Так они гнали облаву на измор, как и было рассчитано, и расчет был точный.
И когда гонимые антилопы хлынули на большую равнину, их встретили те, для которых старались с утра вертолеты. Их поджидали охотники, а вернее, расстрельщики. На вездеходах-«уазиках» с открытым верхом расстрельщики погнали сайгаков дальше, расстреливая их на ходу из автоматов, в упор, без прицела, косили как будто сено на огороде. А за ними двинулись грузовые прицепы – бросали трофеи один за одним в кузова, и люди собирали дармовой урожай. Дюжие парни, не мешкая, быстро освоили новое дело, прикалывали недобитых сайгаков, гонялись за ранеными и тоже приканчивали, но главная их задача заключалась в том, чтобы раскачать окровавленные туши за ноги и одним махом перекинуть за борт! Саванна платила богам кровавую дань за то, что смела оставаться саванной, – в кузовах вздымались горы сайгачьих туш.

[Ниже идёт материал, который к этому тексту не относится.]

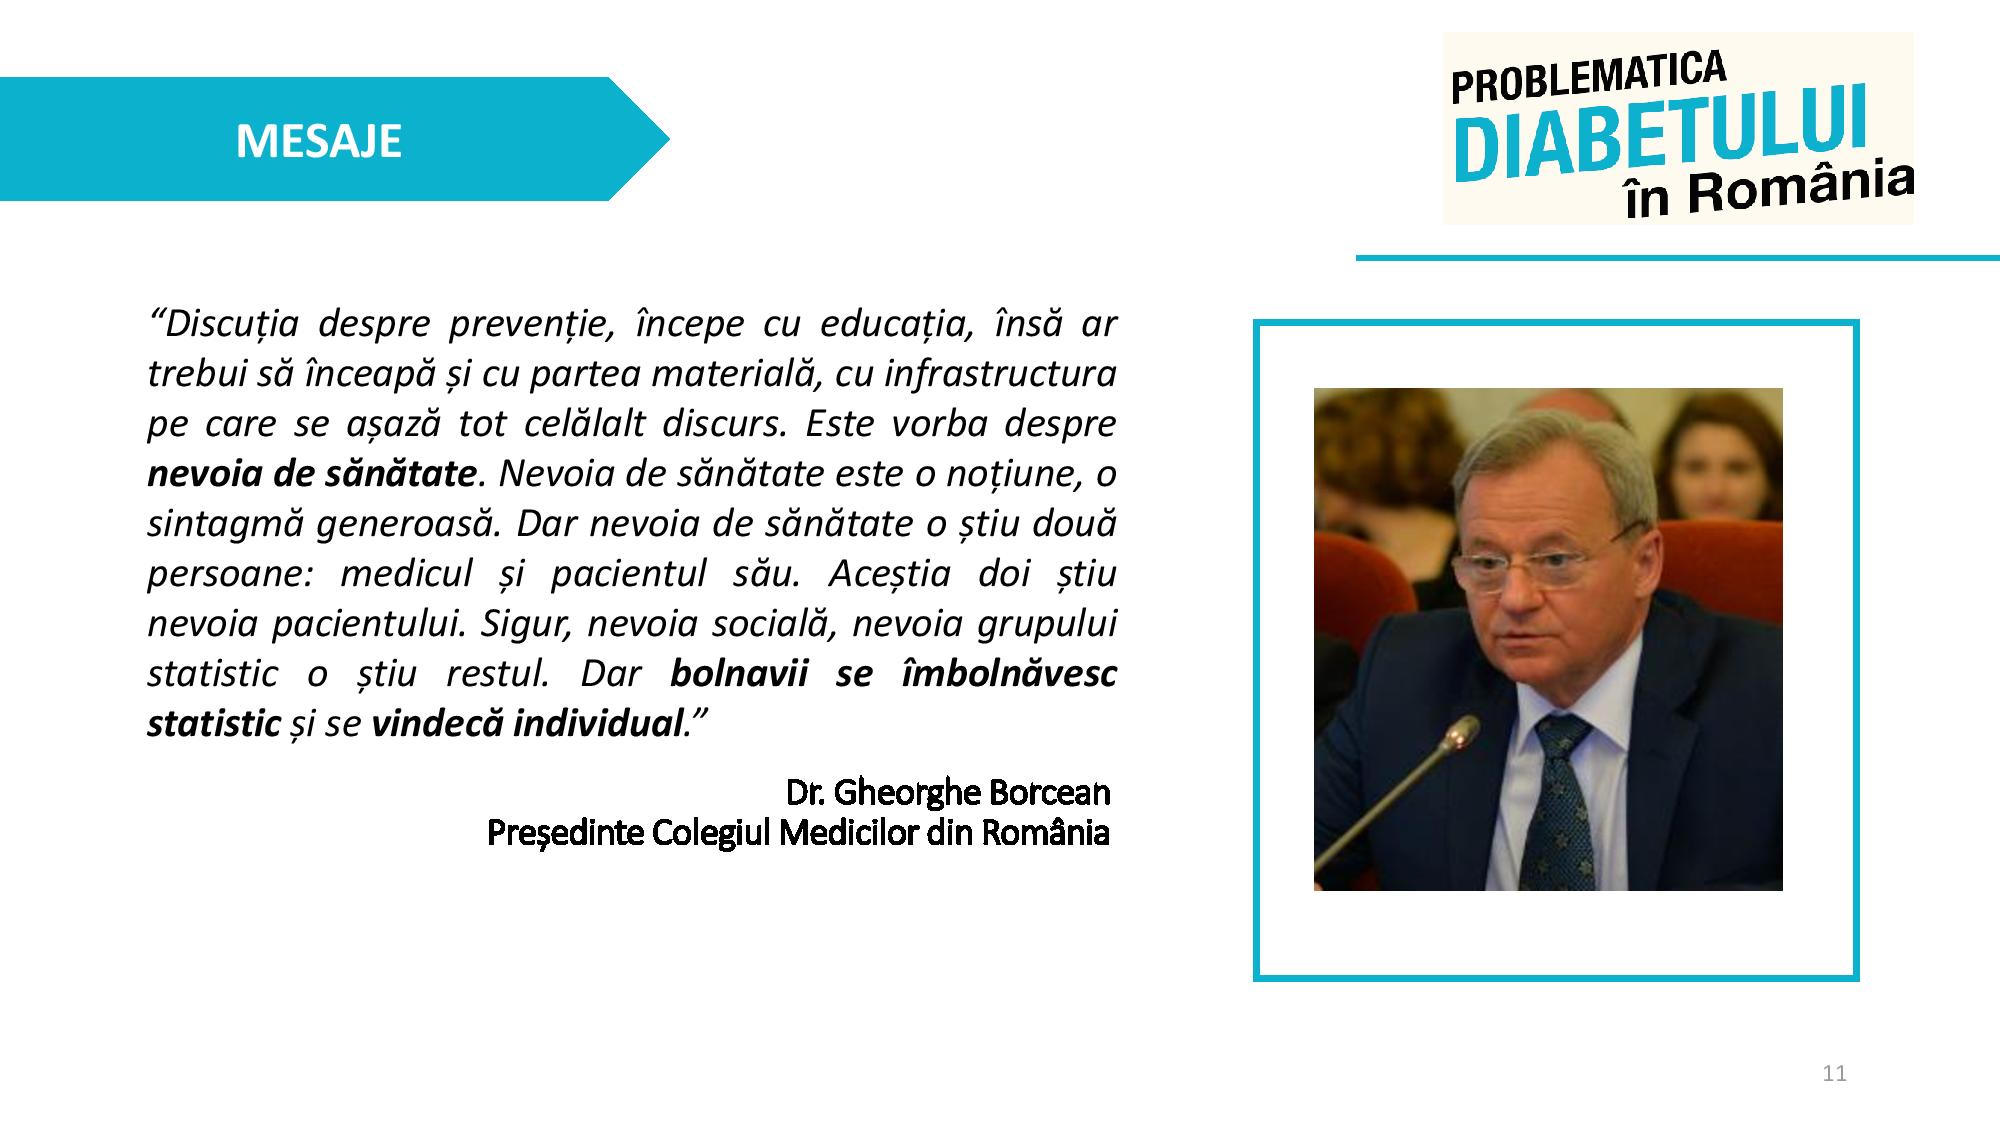 Problematica Diabetului in Romania 2016-page-011

А побоище длилось. Врезаясь на машинах в гущу загнанных, уже выбивающихся из сил сайгаков, отстрельщики валили животных направо и налево, еще больше нагнетая панику и отчаяние. Страх достиг таких апокалипсических размеров, что волчице Акбаре, оглохшей от выстрелов, казалось, что весь мир оглох и онемел, что везде воцарился хаос и само солнце, беззвучно пылающее над головой, тоже гонимо вместе с ними в этой бешеной облаве, что оно тоже мечется и ищет спасения и что даже вертолеты вдруг онемели и уже без грохота и свиста беззвучно кружатся над уходящей в бездну степью, подобно гигантским безмолвным коршунам… А отстрельщики-автоматчики беззвучно палили с колена, с бортов «уазиков», и беззвучно мчались, взлетая над землей, машины, беззвучно неслись обезумевшие сайгаки и беззвучно валились под прошивающими их пулями, обливаясь кровью… И в этом апокалипсическом безмолвии волчице Акбаре явилось лицо человека. Явилось так близко и так страшно, с такой четкостью, что она ужаснулась и чуть не попала под колеса. «Уазик» же мчался бок о бок, рядом. А тот человек сидел впереди, высунувшись по пояс из машины. Он был в стеклянных защитных от ветра наглазниках, с иссиня-багровым, исхлестанным ветром лицом, у черного рта он держал микрофон и, привскакивая с места, что-то орал на всю степь, но слов его не было слышно. Должно быть, он командовал облавой, и если бы в тот момент волчица могла услышать шумы и голоса и если бы она понимала человеческую речь, то услышала бы, что он кричал по рации: «Стреляйте по краям! Бейте по краям! Не стреляйте в середину, потопчут, чтоб вас!» Боялся, что туши убитых сайгаков будут истоптаны бегущим следом поголовьем…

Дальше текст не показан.